Adding assigned tasks as active: [assignedActiveTasks]

For every task id in assignedActiveTasks, if the partitions of a task are all included in the input assignment partitions addStreamTasks requests AssignedStreamsTasks to maybeResumeSuspendedTask (passing in the task id and partitions). If negative, addStreamTasks records the task and partitions in a local registry of new tasks to be created.

If the partitions of a task are not all included in the input assignment partitions addStreamTasks prints out the following WARN message to the logs:

Task [taskId] owned partitions [partitions] are not contained in the assignment [assignment]

When there are new tasks to be created, addStreamTasks prints out the following TRACE message to the logs:

New active tasks to be created: [newTasks]

addStreamTasks then requests StreamThread.AbstractTaskCreator<StreamTask> to createTasks for every new task (with the Kafka Consumer) and requests AssignedStreamsTasks to register a new task.

addStreamTasks is used exclusively when TaskManager is requested to create tasks for assigned topic partitions.

Adding Assigned Standby Tasks — addStandbyTasks Internal Method

void addStandbyTasks()

addStandbyTasks registers new standby tasks.

addStandbyTasks does nothing and simply exits when the assignedStandbyTasks internal registry has no standby tasks assigned.
kafka streams TaskManager addStandbyTasks.png
Figure 7. TaskManager.addStandbyTasks

addStandbyTasks prints out the following DEBUG message to the logs:

Adding assigned standby tasks [assignedStandbyTasks]

For every task (id and partitions) in the assignedStandbyTasks registry, addStandbyTasks requests AssignedStandbyTasks to maybeResumeSuspendedTask and, if negative, adds the task to tasks to be created in standby mode.

If no new tasks should be in standby mode, addStandbyTasks simply exits.

When there are new tasks to be in standby mode, addStandbyTasks prints out the following TRACE message to the logs:

New standby tasks to be created: [newStandbyTasks]

addStandbyTasks then requests StreamThread.AbstractTaskCreator<StandbyTask> to createTasks for every new standby task (with the Kafka Consumer) and requests AssignedStandbyTasks to register a new task.

addStandbyTasks is used exclusively when TaskManager is requested to create tasks for assigned partitions.

Describing Itself (Textual Representation) — toString Method

String toString(final String indent)

toString gives a text representation with the following:

toString is used exclusively when StreamThread is requested to describe itself.
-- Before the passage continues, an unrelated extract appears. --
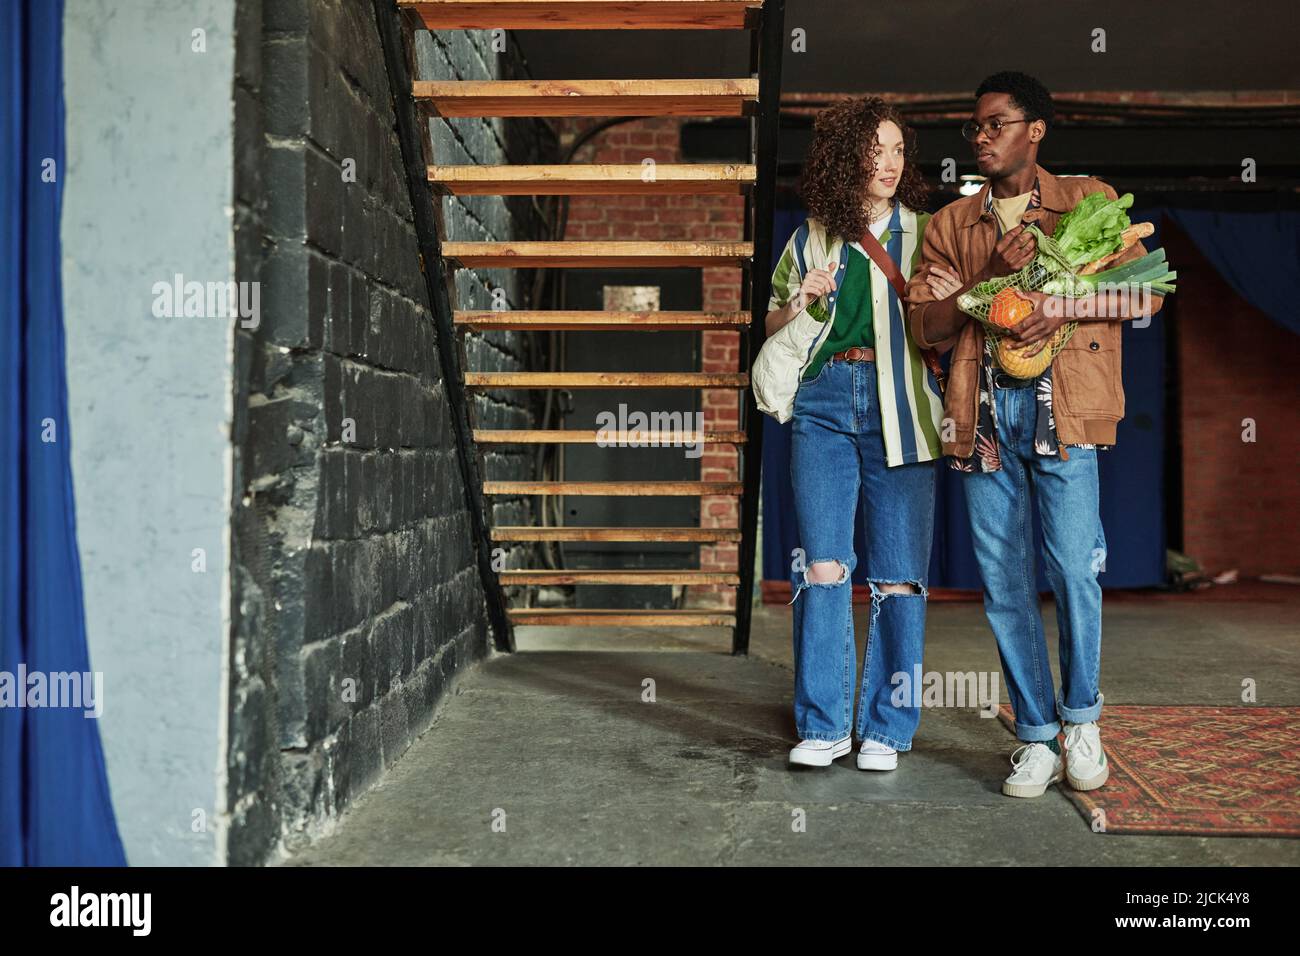 Junge Frau hält ihren Freund mit frischem Gemüse in der Einkaufstasche am Arm, während beide sich in ihrer Loft-Wohnung bewegen Stockfoto

Attempting to Purge (Delete) Committed Records of Repartition Topics — maybePurgeCommitedRecords Method

void maybePurgeCommitedRecords()

In essence, maybePurgeCommitedRecords requests the AssignedStreamsTasks for the purgable offsets of the repartition topics (of a topology) and then the AdminClient to delete the records (whose offset is smaller than the given offset of the corresponding partition).


maybePurgeCommitedRecords is used exclusively when StreamThread is requested to commit all tasks (when commit interval elapsed) (when StreamThread is requested to poll records once and process them using active stream tasks in the main record processing loop).

Processing Records by Running Stream Tasks (One Record Per Task) — process Method

int process()

In the end, process gives the number of stream tasks that processed a record.

process is used exclusively when StreamThread is requested to process records (with optional commit) (when requested to poll records once and process them using active stream tasks).

Committing Active Running Stream Tasks that Requested It — maybeCommitActiveTasks Method

int maybeCommitActiveTasks()

maybeCommitActiveTasks simply requests AssignedStreamsTasks to commit running stream tasks that requested it.

In the end, maybeCommitActiveTasks gives the number of running stream tasks that needed a commit.

maybeCommitActiveTasks is used exclusively when StreamThread is requested to processAndMaybeCommit.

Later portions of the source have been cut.